Asking about sex affirmation surgery – a review of the numbers

Survey – should medicare pay for sex-change (italics by me) surgery – In one of the responses there’s an enlightening back of the napkin calculation of the potential costs of sex affirmation surgery, which point out important numbers about the prevalence of this rare condition. Much lower than the amount of emotion attached to the non-fact-based responses to the question.

Using the numbers quoted in the WPATH guidelines, I came up with this potential number of trans people in the US, based on 2011 census data:

MTF: 2495 – 9437 people over 18

FTM: 595 – 3911 people over 18

That’s for the entire United States. Some may require psychotheraphy, some may require hormones, some may require surgery, some may require none of these treatments, some may require all.

See: Now Reading: Choosing Wisely : Standards of Care for the Health of Trans People | Ted Eytan, MD

Now let’s discuss the question asked by Medpage today, especially in the context of this determination:

In June 2008, the American Medical Association (AMA) House of Delegates stated that the denial to patients with gender identity disorder of otherwise covered benefits represents discrimination, and that the AMA supports “public and private health insurance coverage for treatment for gender identity disorder as recommended by the patient’s physician.”[link]

The question that should have been asked is

“Given that sex affirmation surgery is recognized as medically necessary by every major medical organization and denial of coverage represents discrimination, should medicare refuse to cover this procedure when recommended by a physician?”
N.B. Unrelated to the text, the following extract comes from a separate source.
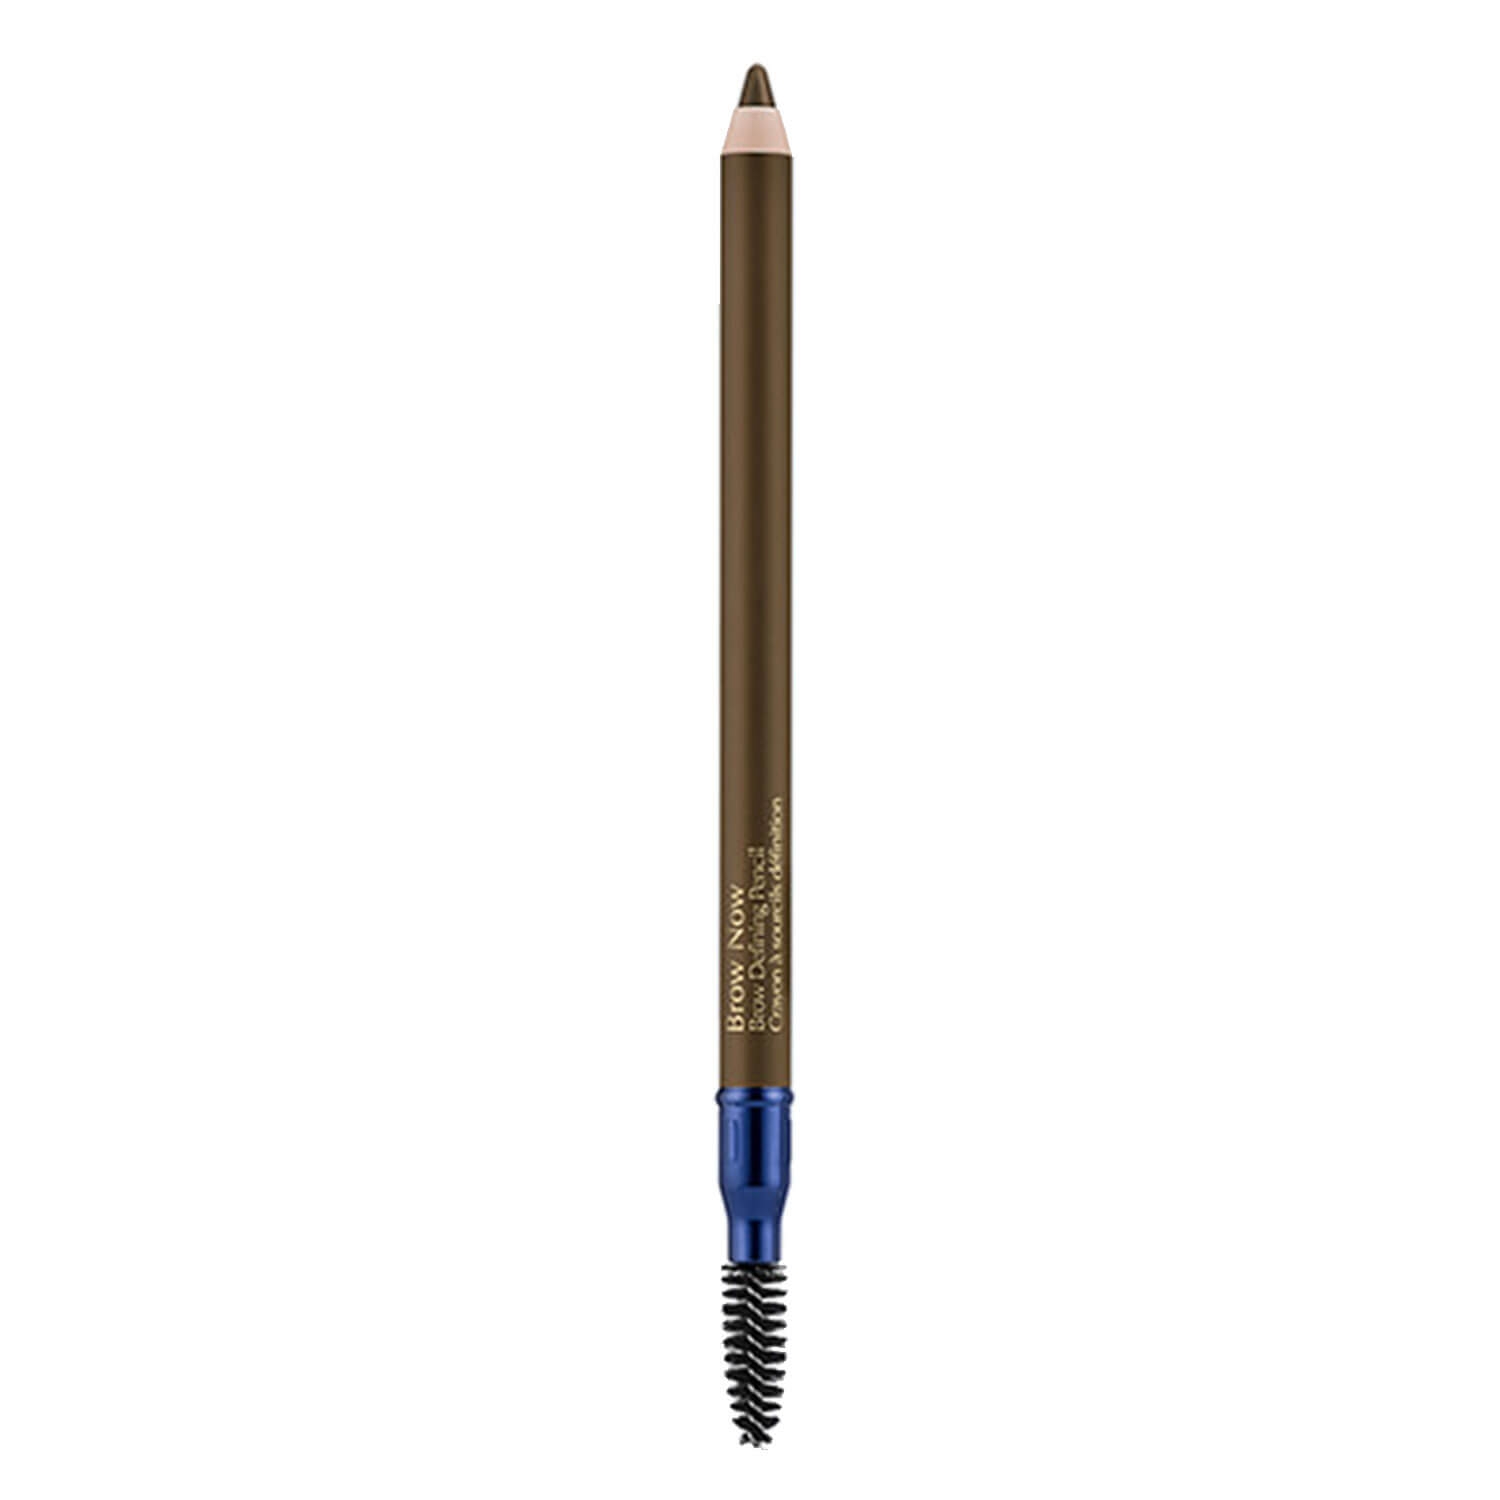 Produktbild von Brow Now - Brow Defining Pencil 04 Dark Brunette

If you don’t ask a question with context, especially with regard to a population that is openly discriminated against in society, you are essentially asking respondents if they like the population or not.
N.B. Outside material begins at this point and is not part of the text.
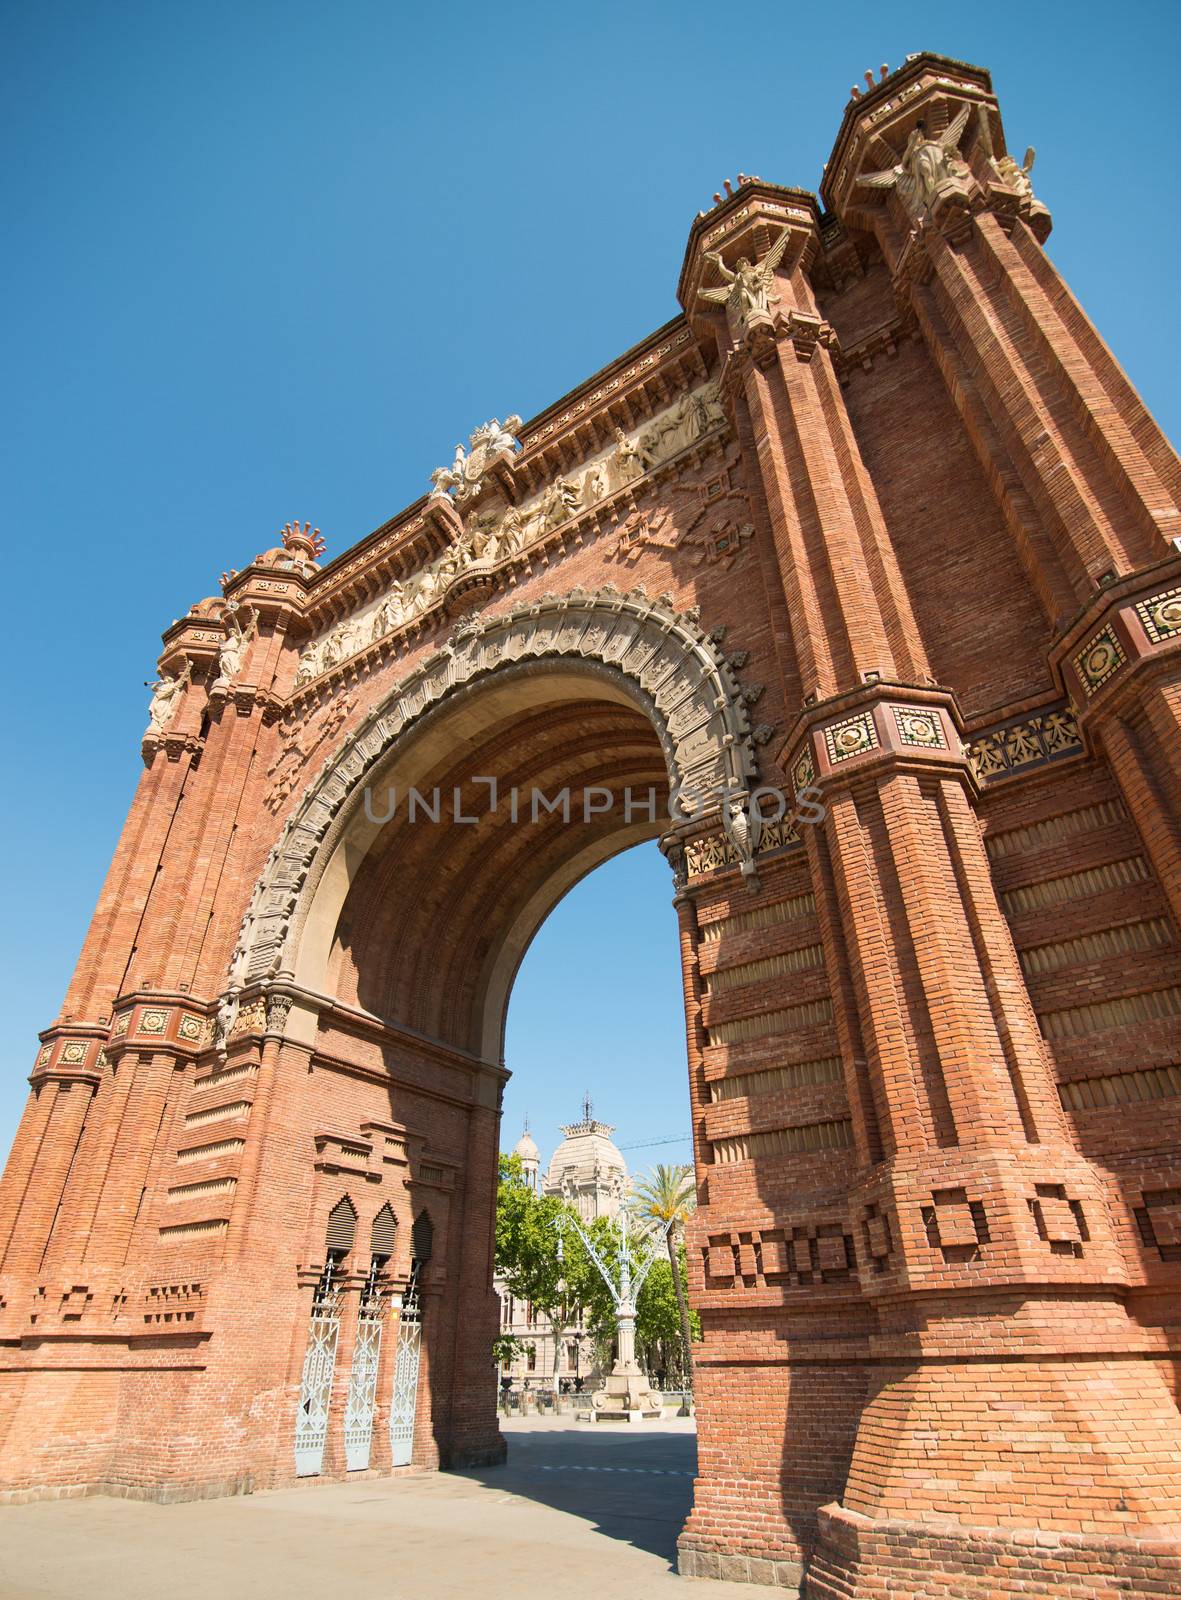 Triumphal Arch by GekaSkr

It’s not much different than asking people in 1942 if African Americans should be admitted to white hospitals, or in 1993 if persons with HIV should be treated with modern medications. Going this route ultimately reveals more about the bias of those creating the survey than those answering it.

I wasn’t around in 1942, but I was in 1993. In 2013, we look back in horror at the way the medical profession treated other humans during that period.

I believe we will do the same when we reflect on how trans people are being treated today.